ご質問の問題では、BA間の売買契約締結の時期がポイントとなりますので、以下、場合を分けます。

  • BA間の売買が、強迫を理由とするCB間の売買契約を取り消す【前】に行われた場合、いわゆる取消前の第三者との関係の場合。

    Cは登記がなくてもAに対して所有権を主張することができます。これは、売買がC→B→Aと流れているので、CはAに対しても主張できると考えられるからです。

  • BA間の売買が、強迫を理由とするCB間の売買契約を取り消した【後】に行われた場合、いわゆる取消後の第三者との関係の場合。

    この場合、まずBA間の売買の前に、CB間で売買契約が取り消されています。そして、売買契約を取り消した後に、Cは法律関係を安定させるために登記をBから取り戻すべきであったにも関わらず放置しているのであれば、Cは不利益を受けても仕方ないと言えます。

    以上、簡単に言ってしまえば、強迫で取り消したのであれば、ちゃんと登記も戻しておくべきだった。そしてBに登記があることからAも売買を行ったのだから、Cは取り消し後に登記を放置していたリスクは負わなければならない。この場合、AとCはBを中心としてお互いに土地は自分のものだと主張する対抗関係にあるのだから、177条に従って、登記を有する方が所有権を取得する、としています。
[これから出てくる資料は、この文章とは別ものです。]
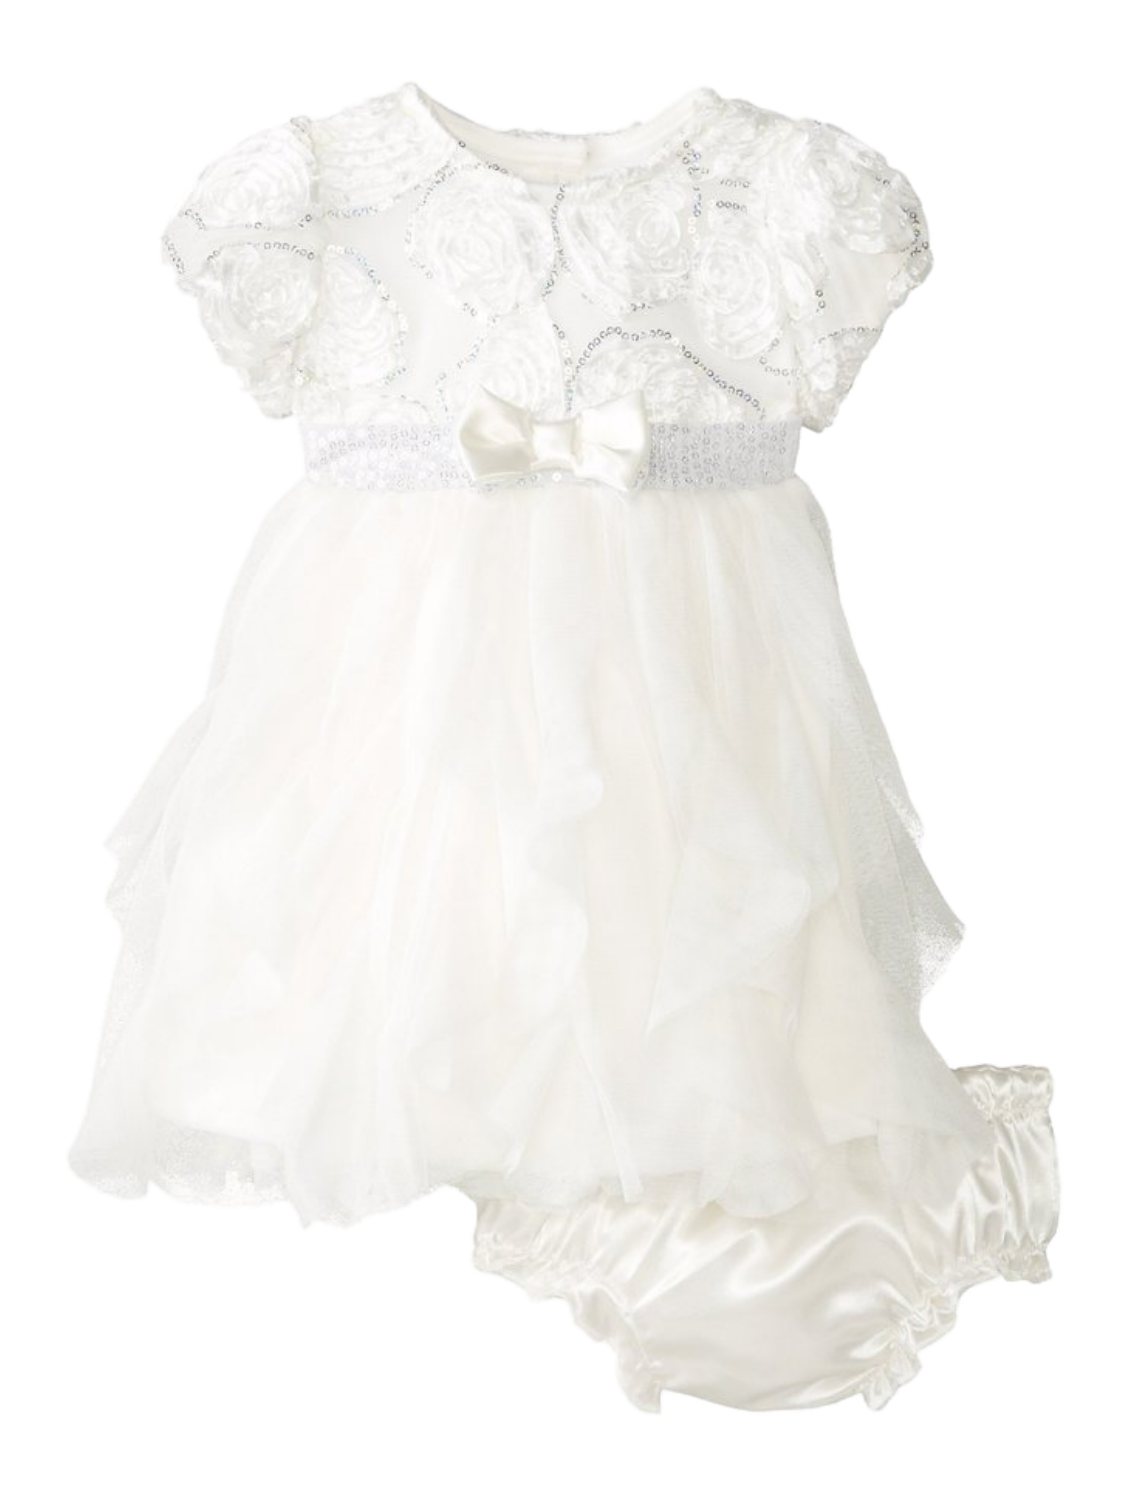 Nannette Infant Girls White Rosette Dress 2 PC Formal Holiday Party Dress

対抗要件は「不動産は登記、動産は引き渡し」となっていますが、過去問Q15-3 /2の解説で「建物の賃貸借は登記がなくても、建物の引き渡しがあったときに効力を生じます」とあります。建物の賃貸借は例外なのですか?

ご理解の通りです。建物の「賃借権」を第三者に対抗するときには、引渡しがあればよいとされています。

使用貸借について、「第三者への抵抗力は認められていません。引渡を受けていても対抗出来ない」とありますが、では、使用貸借の場合の対抗要件は何になるのでしょうか。

使用貸借契約については、使用借権が対抗要件をもつ方法が存在しません。つまり、借主は目的物の新所有者に対抗することはできません。